To identify potential immunomodulatory miRNAs, we utilized a step-wise process of (1) screening for miRNAs that are downregulated in malignant or tumor-associated immune cells relative to their normal counterparts; (2) evaluating such candidate miRNAs for their potential effects on immunosuppressive pathways; and (3) then validating the miRNA targets and testing the therapeutic effects of miRNAs in immunocompetent model systems. Because the signal transducer and activator of transcription 3 (STAT3) has been shown to play a key role in a wide variety of tumor-mediated mechanisms of immunosuppression,Citation1-Citation3 STAT3 was one of the first candidates that we assessed for potential miRNA binding. We found that miR-124 targets multiple nodes of the STAT3 signaling pathway (). In line with this notion, both the systemic administration of miR-124 or the adoptive transfer of miR-124-transfected T cells exerted potent therapeutic effects in clonotypic and genetically engineered murine models of glioblastoma and robustly enhanced immune effector responses within the tumor microenvironment. These effects were ablated in both CD4+ and CD8+ cell-depleted mice as well as in nude mice, indicating that miR-124 exerts antineoplastic activities that depends on a T cell-mediated immune response.Citation4
Figure 1. Inhibitory activity of miR-124 on multiple nodes of the STAT3 signaling pathway. Signal transducer and activator of transcription 3 (STAT3) can be activated by a variety of ligands, including interleukin-6 (IL-6) and the epidermal growth factor (EGF). miR-124 not only can downregulate signal transducers like SHC1 and STAT3, but also can occasionally inhibit the phosphorylation of mitogen-activated protein kinases 1 and 3 (MAPK1 and MAPK3), probably in a contextual fashion, when IL-6 is absent and cells are highly dependent on EGF receptor (EGFR) signaling.
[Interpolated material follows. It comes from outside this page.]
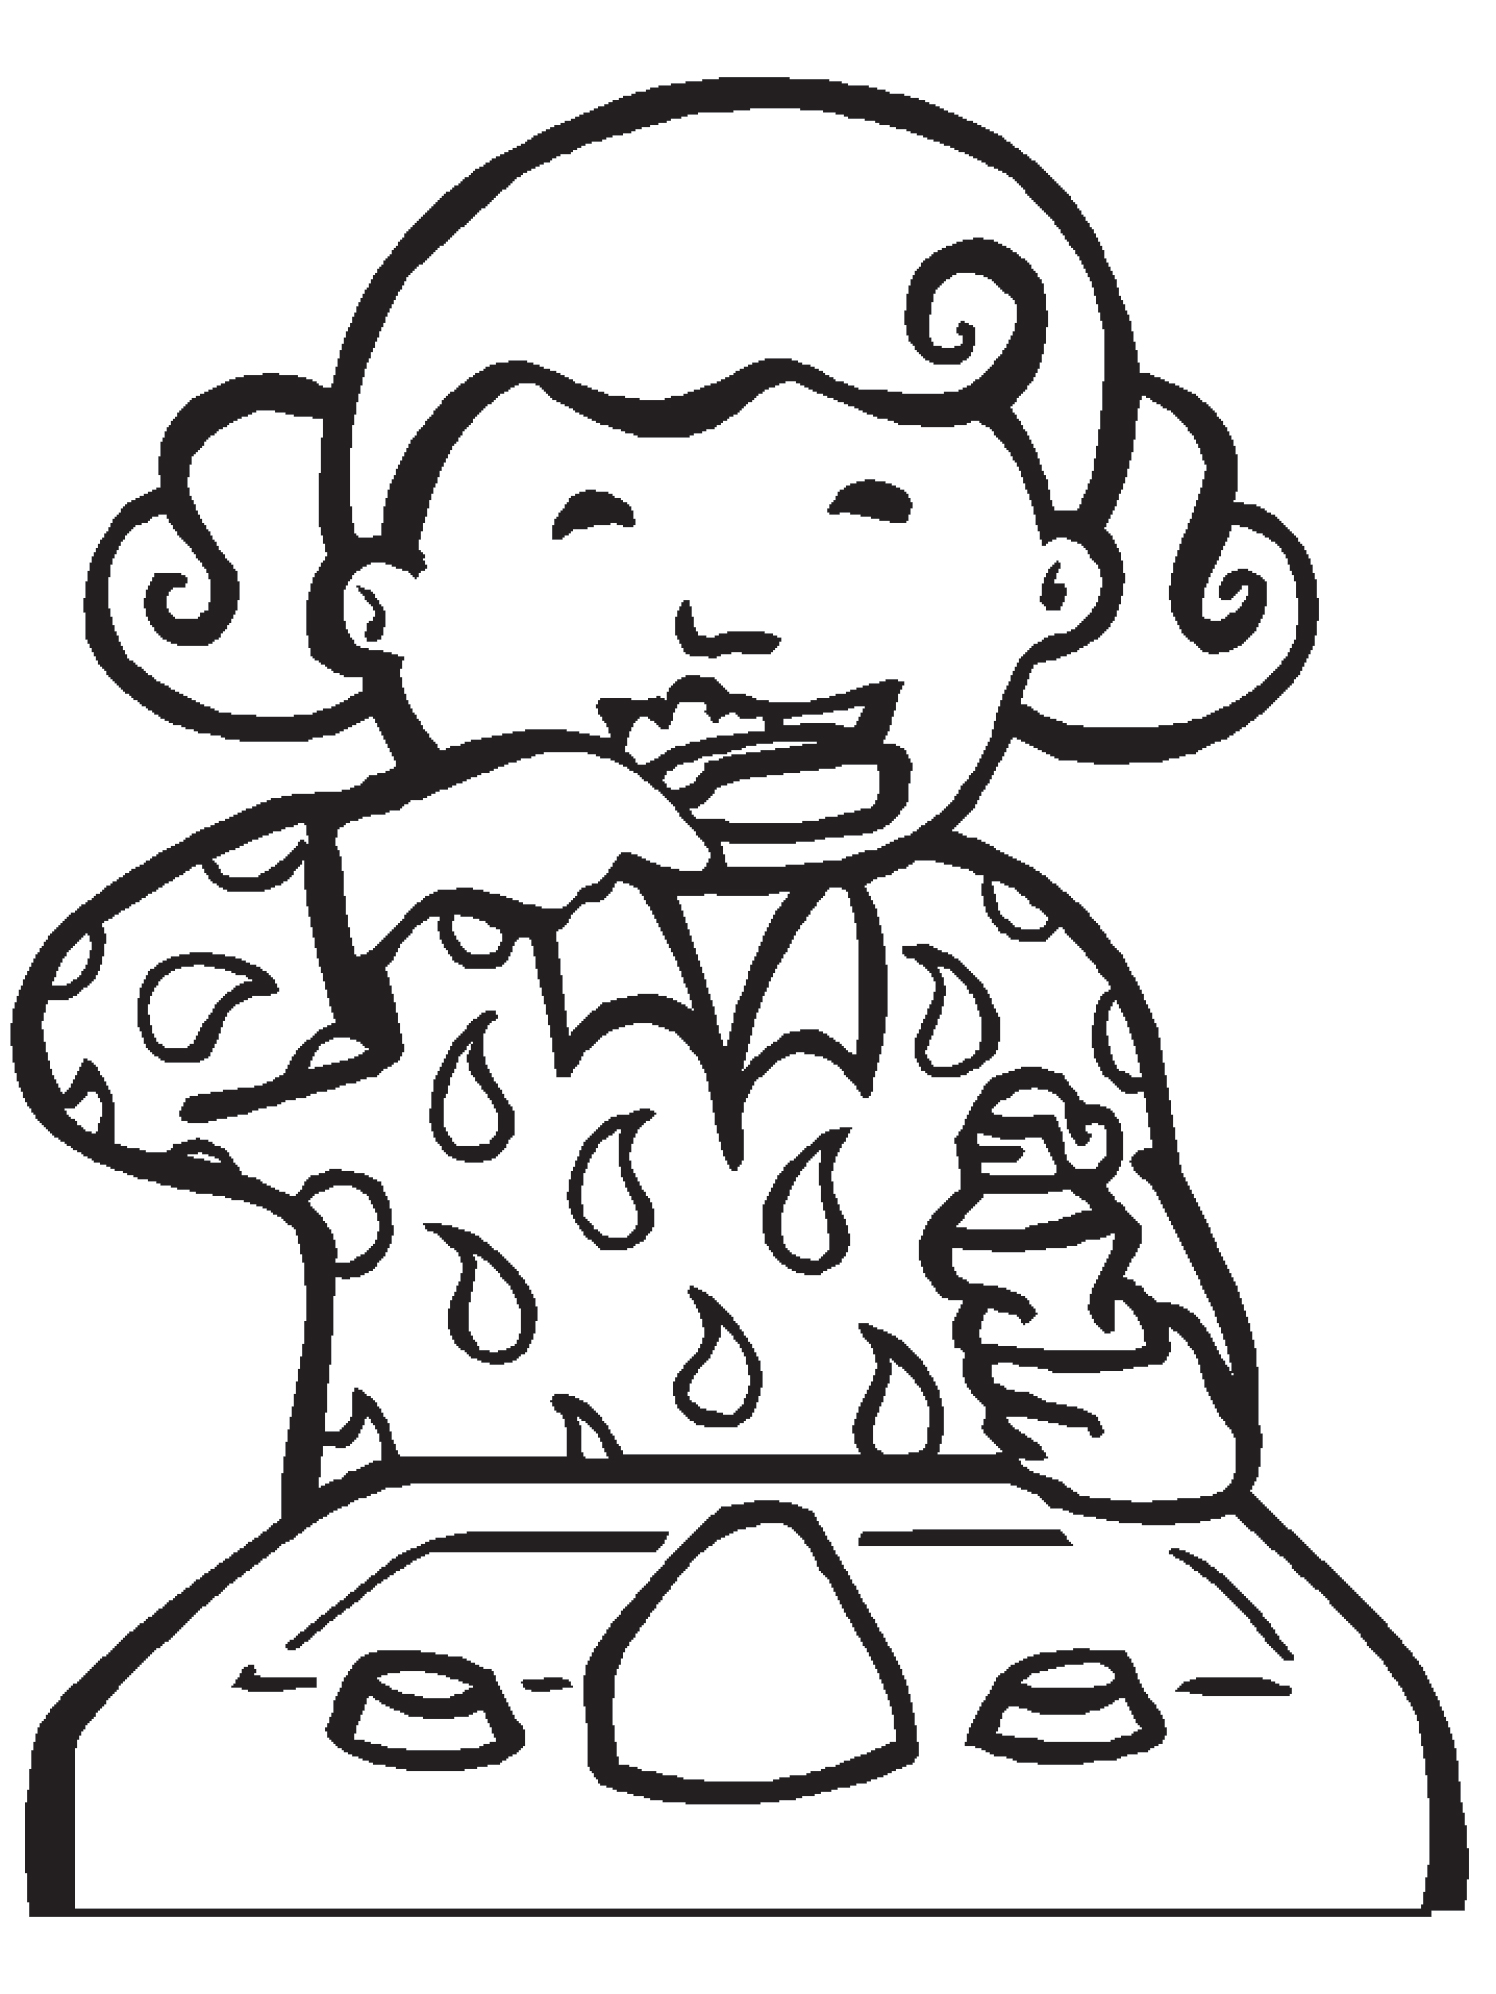 brush-your-teeth-coloring-pages-clip-art-library

The concept of using miRNAs to modulate immune responses is not only centered around STAT3. We have now identified miRNAs that target transforming growth factor β receptor 1 (TGFBR1), such as miR-142–3p, which disrupts autocrine stimulation and results in the selective apoptotic demise of tumor-supportive M2 macrophages. Accordingly, miR-142–3p drives effective anticancer immune responses in established, heterogeneous, genetically engineered, high-grade glioma models.Citation5 Our strategy to identify immunomodulatory miRNAs is now being used to identify additional therapeutic molecules that may target other immunosuppressive effectors including (but not limited to) interleukin-10 (IL-10), programmed cell death 1 (PDCD1, best known as PD-1), PDCD1 ligand 1 (PDCD1L1, best known as PD-L1 or CD174), cytotoxic T-lymphocyte antigen 4 (CTLA4) and forkhead box P3 (FOXP3). There are far-reaching implications for our identification strategy, as we have demonstrated that miRNAs can reverse tumor-elicited immunosuppressive mechanisms in a therapeutically relevant fashion. Reciprocally, by screening the immune cells of patients bearing autoimmune diseases relative to those of normal subjects, miRNAs could be identified that may block pro-inflammatory responses, perhaps leading to the development of immunomodulatory agents for the treatment of multiple sclerosis, rheumatoid arthritis, psoriasis or graft rejection.
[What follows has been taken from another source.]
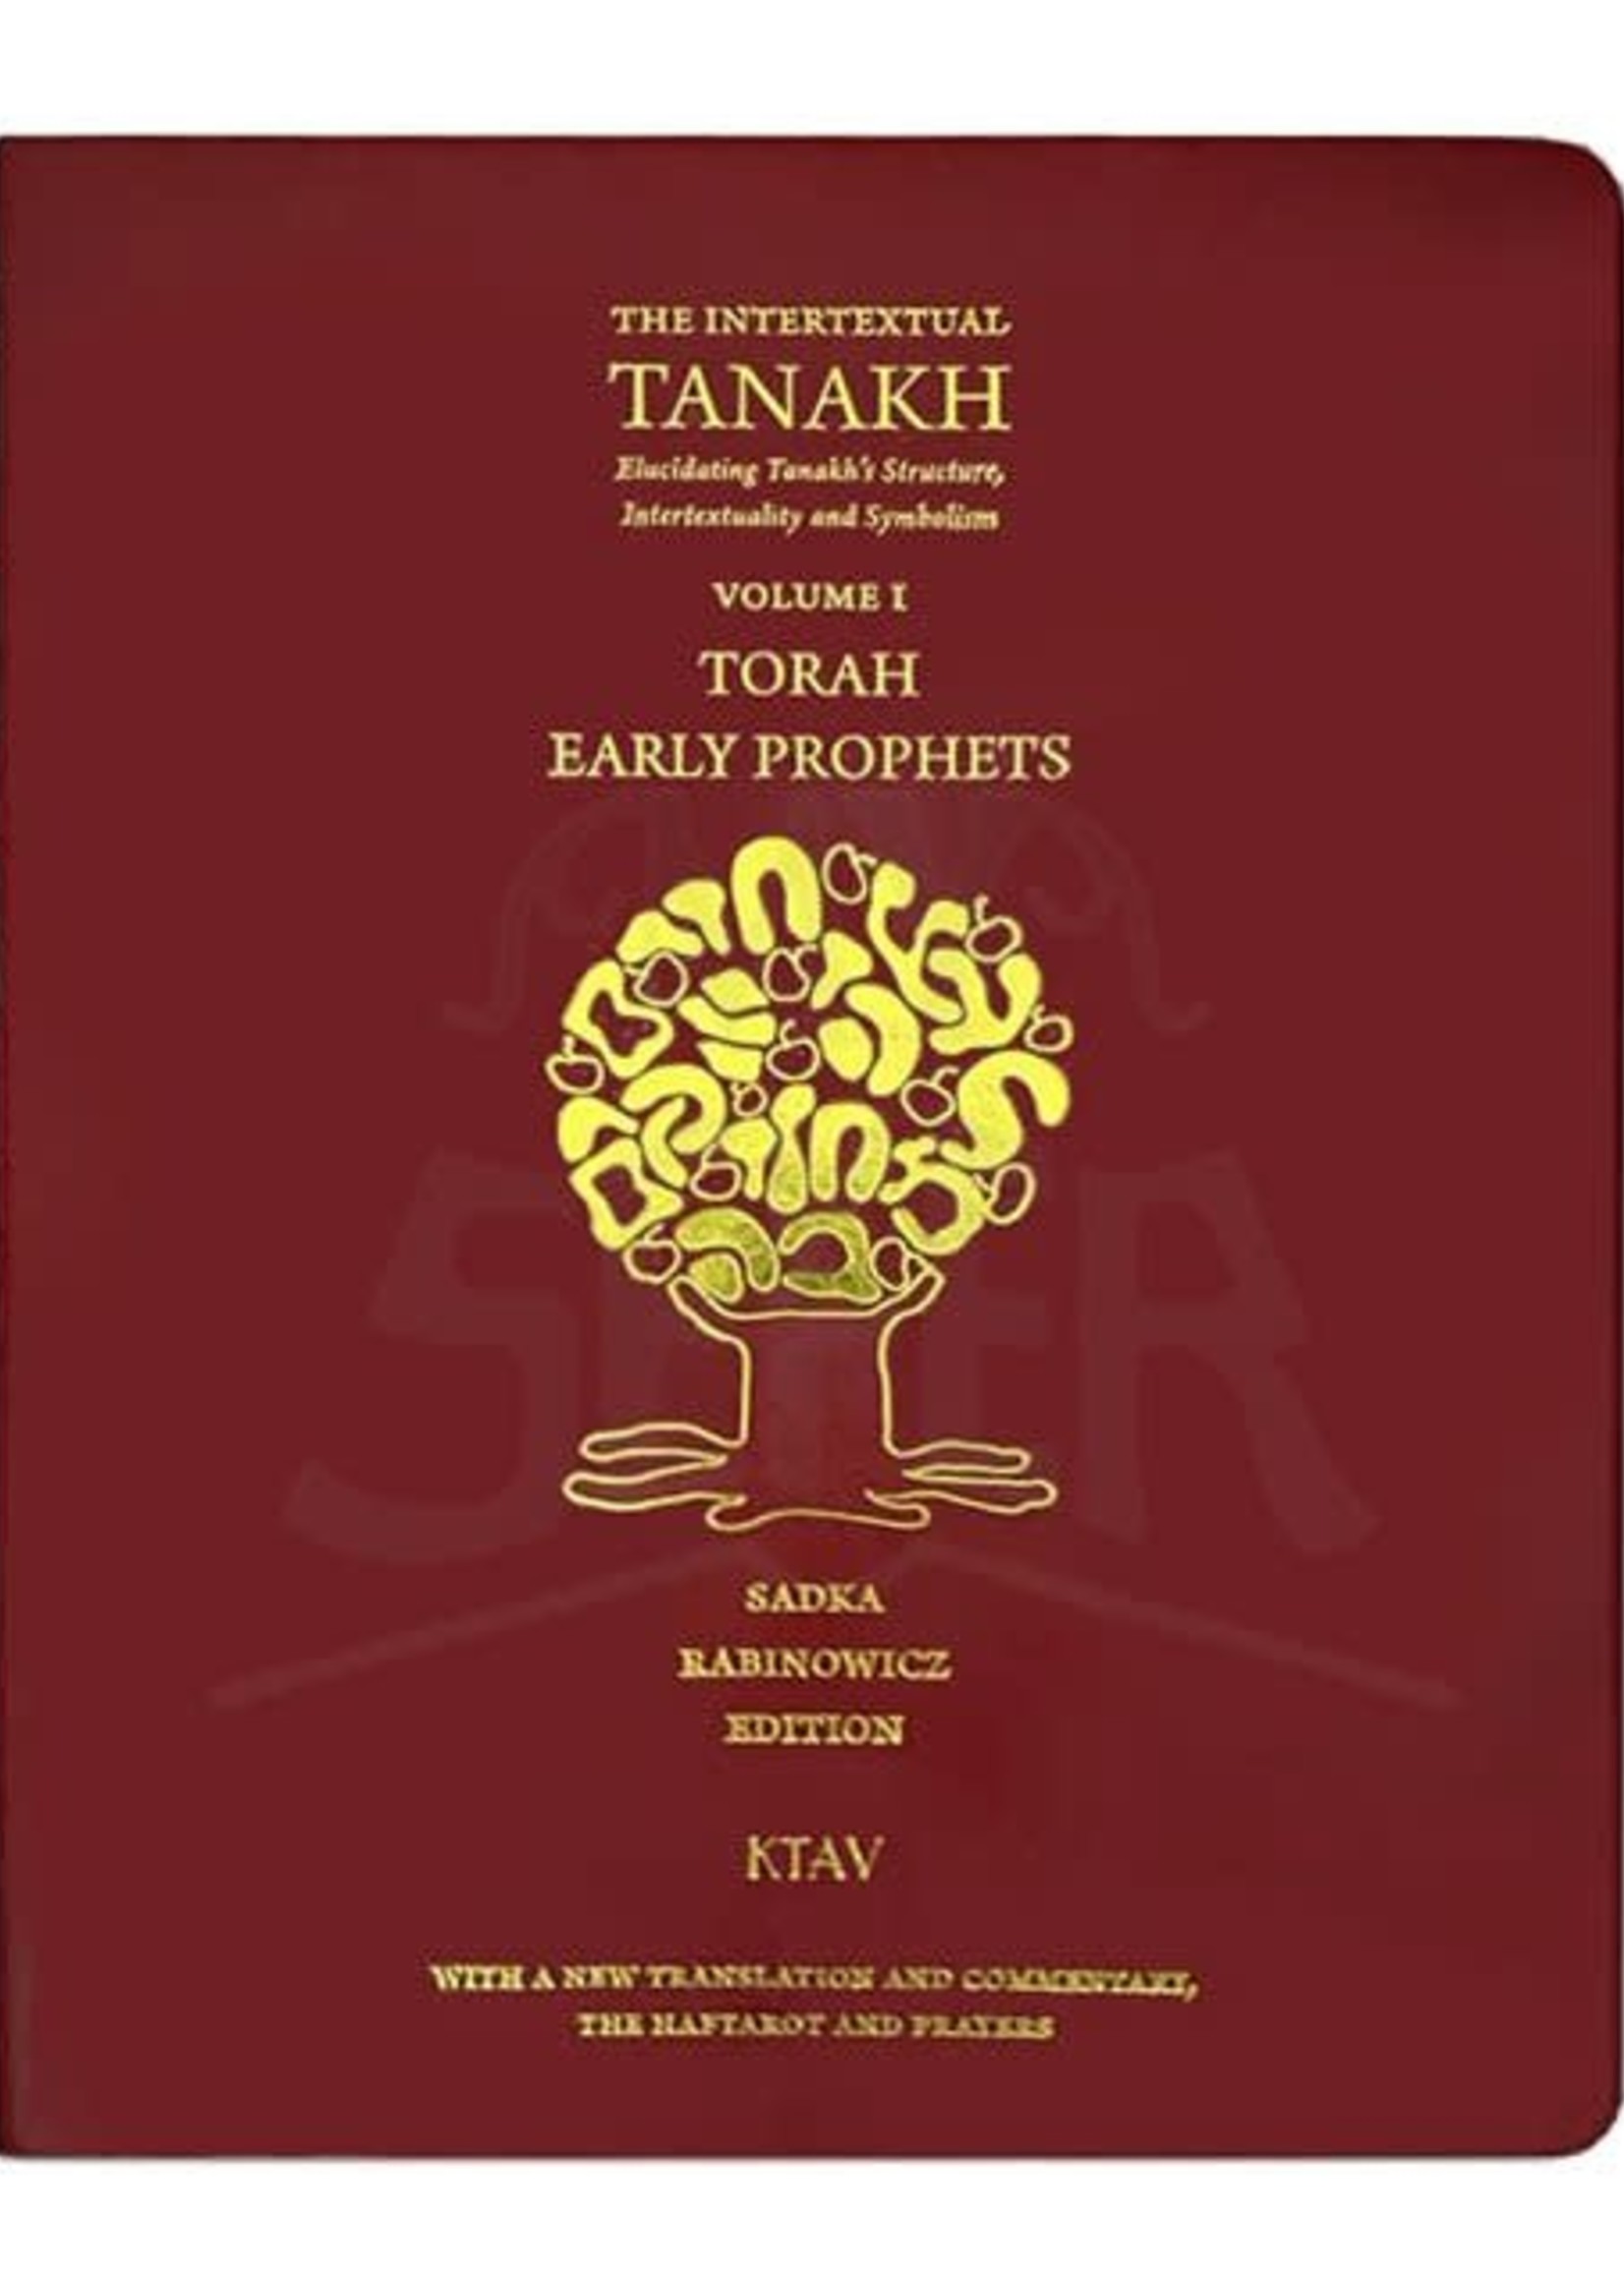 Saul Sadka THE INTERTEXTUAL TANAKH - ELUCIDATING TANAKH'S STRUCTURE, INTERTEXTUALITY AND SYMBOLISM - VOLUME 1 - TORAH, EARLY PROPHETS

There are several unique advantages in using miRNAs for immunomodulation. Unlike other proprietary agents including monoclonal antibodies or chemotherapeutics, miRNAs are indeed readily available to the scientific community. Furthermore, miRNAs allow for targeting intracellular molecule, whereas antibody-based immunotherapies are limited to extracellular or cell-surface exposed targets. Moreover, although a variety of cell-based immunotherapeutic approaches are undergoing clinical testing for their antineoplastic potential, with the evolution of cost-effective medicine, inexpensive immunomodulatory agents hold great commercial appeal. In this respect, miRNAs are easy and inexpensive to manufacture. In addition, alternative approaches such as the use small molecule inhibitors generally induce modest or transient responses as a consequence of redundant signal transduction pathways or the activation of compensative signals.Citation6,Citation7 miRNAs are known to target networks, and we found that single miRNAs can block multiple nodes of a given signaling pathway including those activated by alternative ligands (). This may provide a unique therapeutic advantage. Finally, although there are small inhibitors of the STAT3 signaling pathway that will soon be entering clinical trials,Citation8 the toxicity profile of miR-124 may be favorable as compared with that of chemotherapeutic agents, as miR-124 is an endogenous biological product that is normally expressed by most cell types, including neurons.
Limitations to the use of miRNAs as therapeutic agents, reflecting their biological complexity, are the elucidation of relevant biomarkers for clinical trials and the establishment of a comprehensive understanding of their mechanism of action. The mechanistic targets of miRNAs are likely to be context- and cell-specific and their precise elucidation may require extensive pre-clinical studies. For example, in the course of autoimmune responses miR-124 probably targets C/EBP-α-PU.1 and hence deactivates immune effectors,Citation9 whereas in the context of antitumor immunity it inhibits immunosuppressive STAT3 and thus activates the immune system.
In the future, as the immunosuppressive mechanisms employed by cancer to evade immunosurveillance are heterogeneous,Citation10 specific tumors may be screened for operational immunosuppressive pathways, leading to the selection of the appropriate miRNA(s) for use. Alternatively, tumor-mediated immunosuppression could be comprehensively controlled in unselected patients by using a combination of multiple miRNAs. Ultimately, miRNAs may serve as a new class of immunotherapeutics with distinct advantages, but achieving this goal requires a substantial investment and effort from multiple investigators.
Disclosure of Potential Conflicts of Interest
No potential conflicts of interest were disclosed.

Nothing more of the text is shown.